ETA: @fgrieu points out that such modes use an additional parameter known as an Initialisation Vector or IV and that I have implicitly assumed that these are not encrypted during the multiple encryption processes. This assumption is not consistent with implementations that simply pre-pend the IV to the ciphertext in the cryptogram, nor certain theoretical constructs. It would be more accurate to say that if $p$ is encrypted with key, IV pairs $(k_1,IV_1), (k_2,IV_2),\ldots, (k_n,IV_n)$ then the padlock property applies.

GCM Mode
Your case of GCM is interesting as it provides two cryptographic functions: confidentiality and authentication. The confidentiality part is unaffected by ordering as it is a stream like CTR that is independent of plaintext. Thus you can recover $p$ by decrypting in any order (assuming that no-one modifies any ciphertext outside of decryption).

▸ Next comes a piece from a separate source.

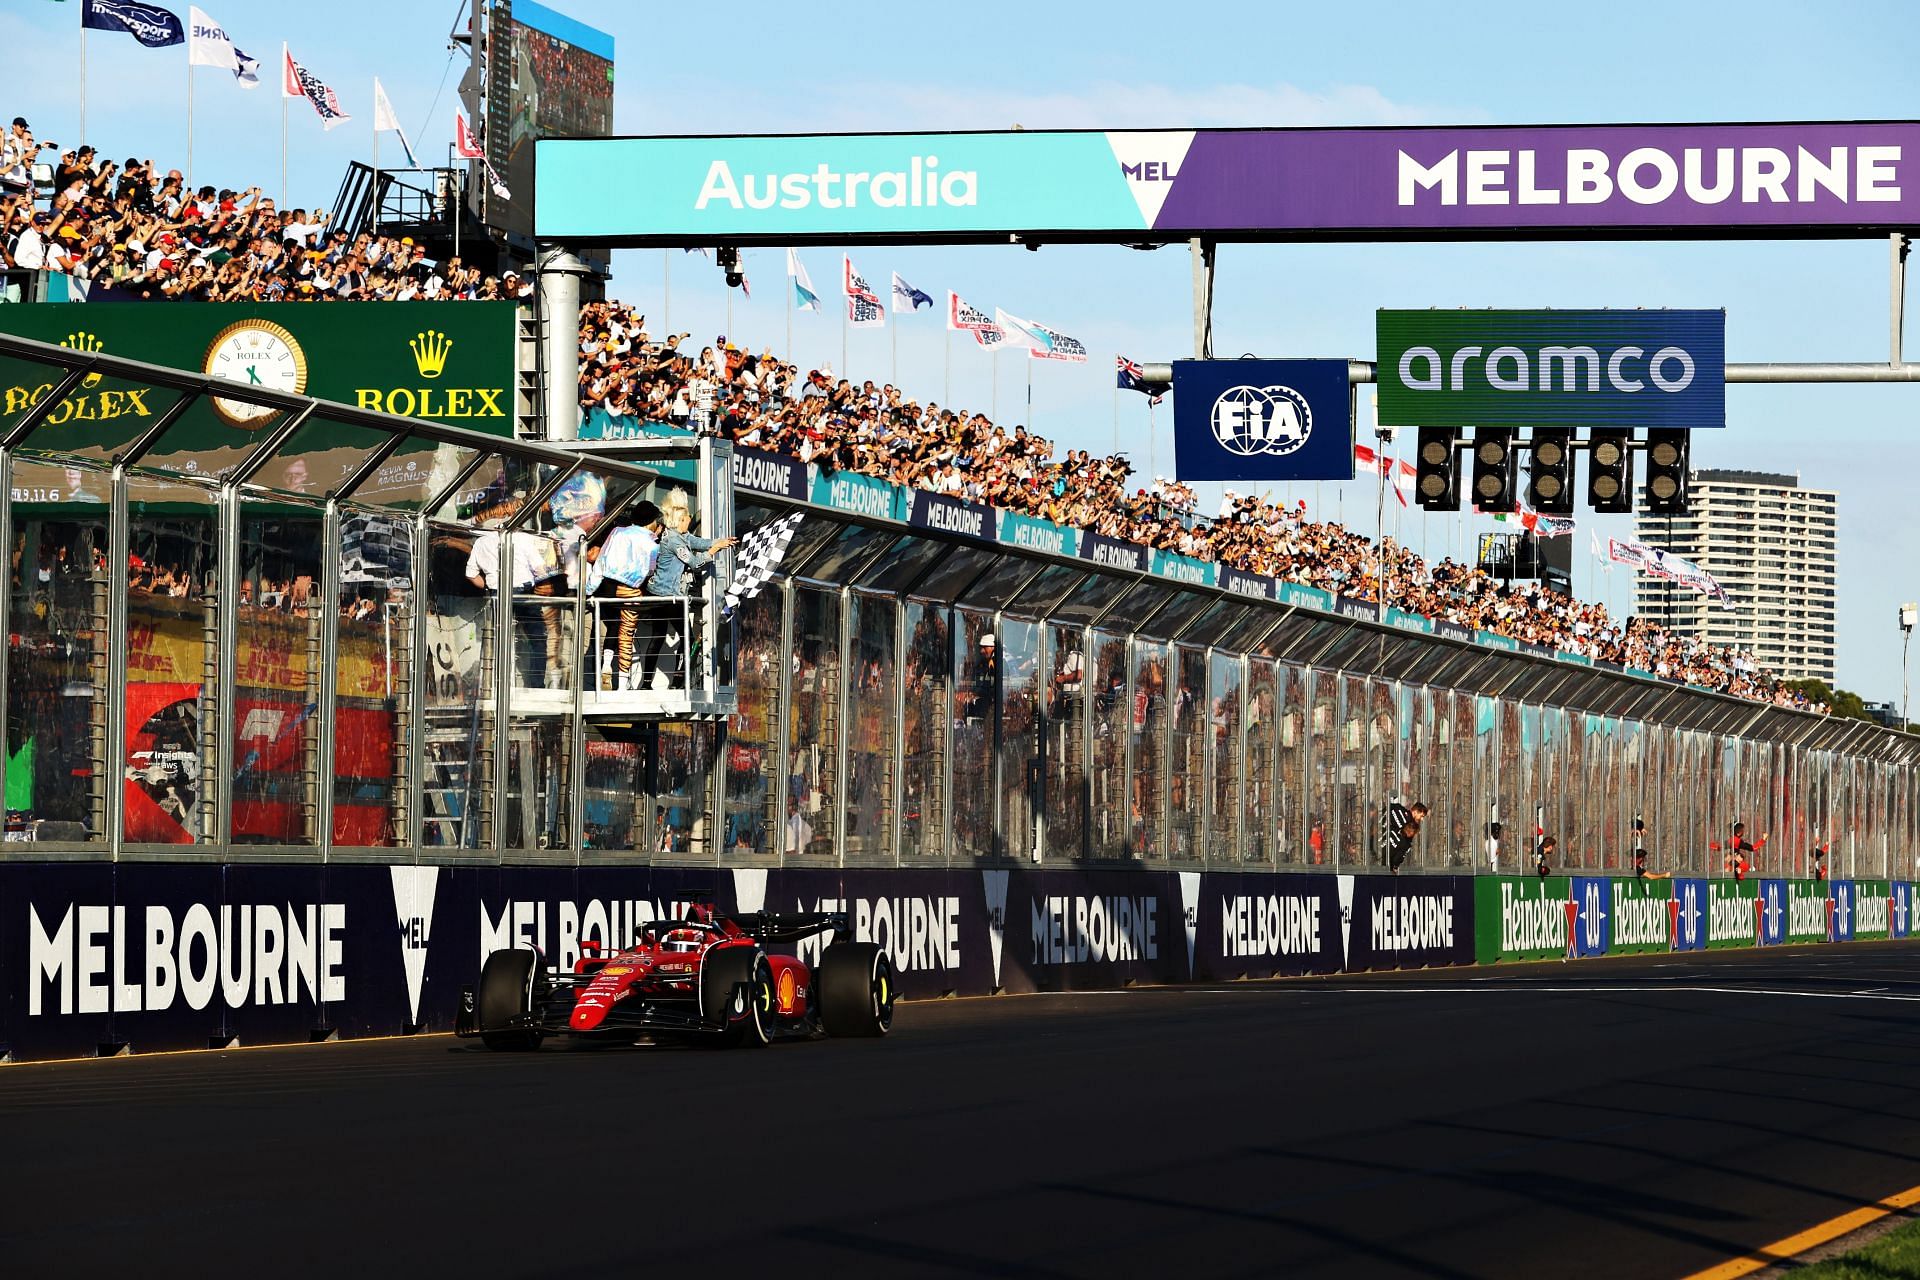 Charles Leclerc picked up his second win of the 2022 F1 season at the Australian GP
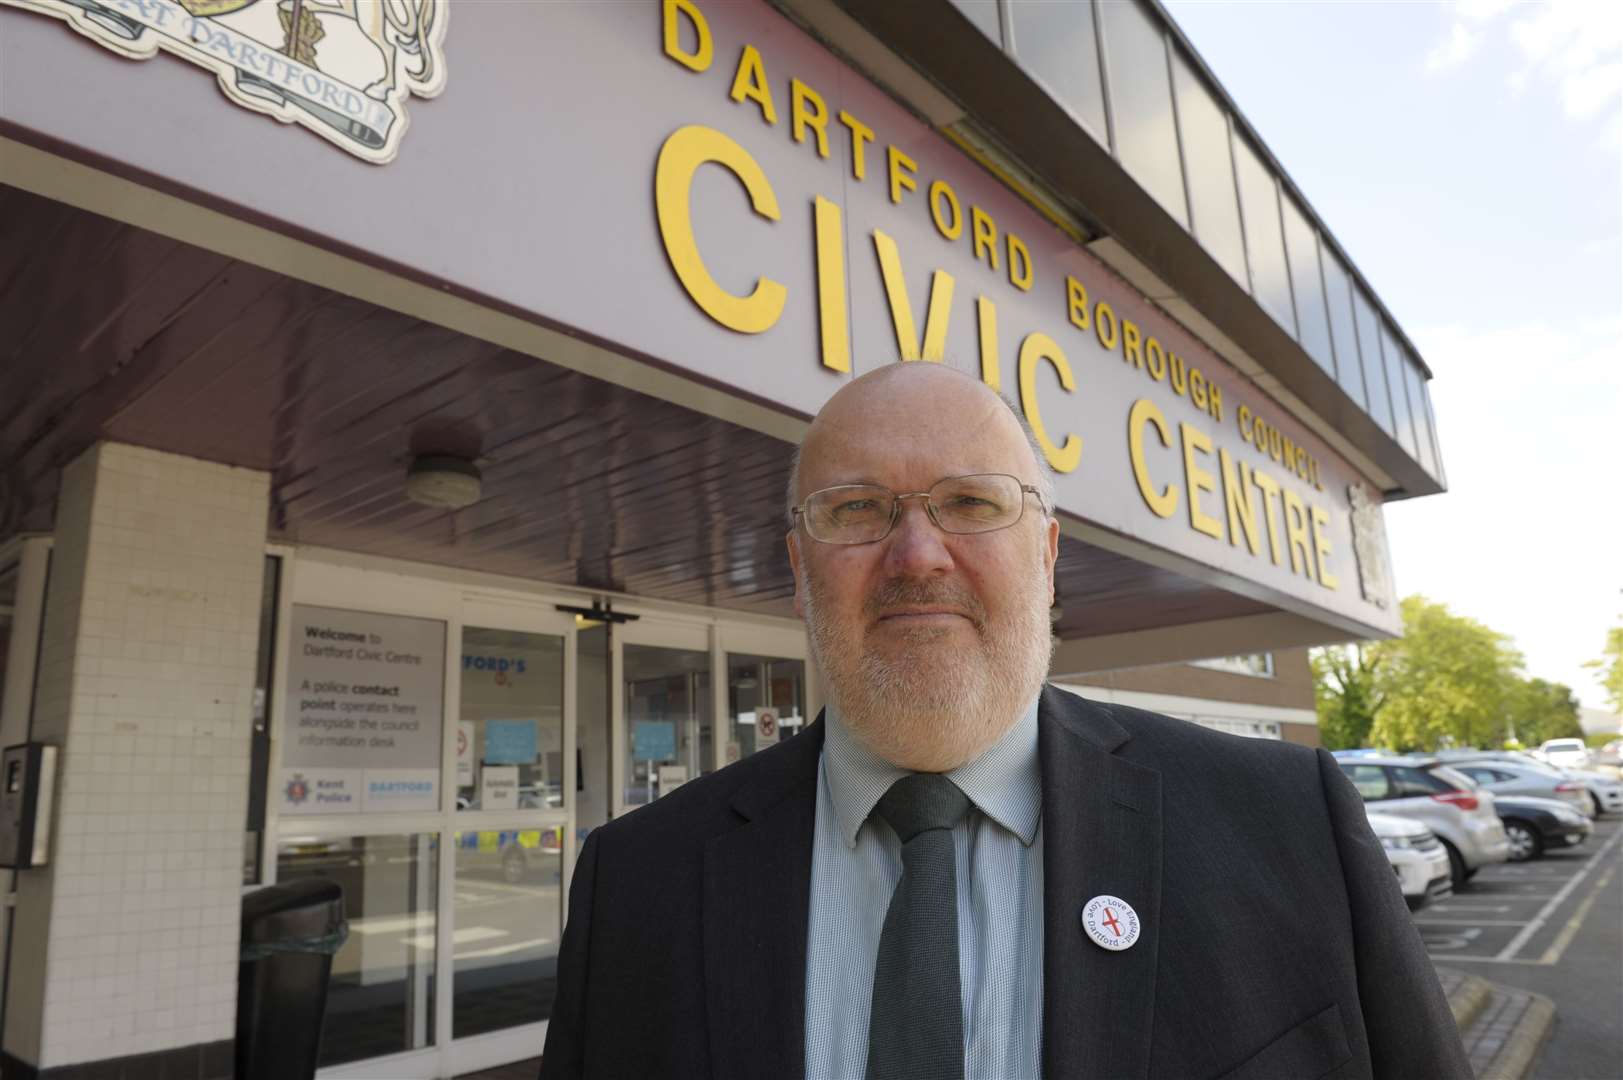 Dartford Council leader Jeremy Kite says the authority is in a good position financially despite the projected losses Picture: Steve Crispe

However, the authentication part does depend on the ordering and so the final decryptions and intermediate decryptions should throw up error warnings if they are done in anything other than the reverse order. Again we must specifically exclude the IVs used in GCM from encryption for the padlock property.

If you intend to ignore these authentication tags (which is always poor practice), you would be better served by using an unauthenticated method such as CTR and finding a suitable, non-integrated authentication scheme for your application. This will shorten the ciphertext as each GCM encryption adds its own authentication tag which lengthens the final message by $n$ blocks.

Additional Commentary
Generally speaking, applying multiple layers of encryption is not something that is recommended as meet-in-the-middle attacks means that the overall security is not additive. I suspect that you might be considering single-encryptor-group-decryptor scenarios and you might like to read up on ideas such as Shamir's Secret Sharing.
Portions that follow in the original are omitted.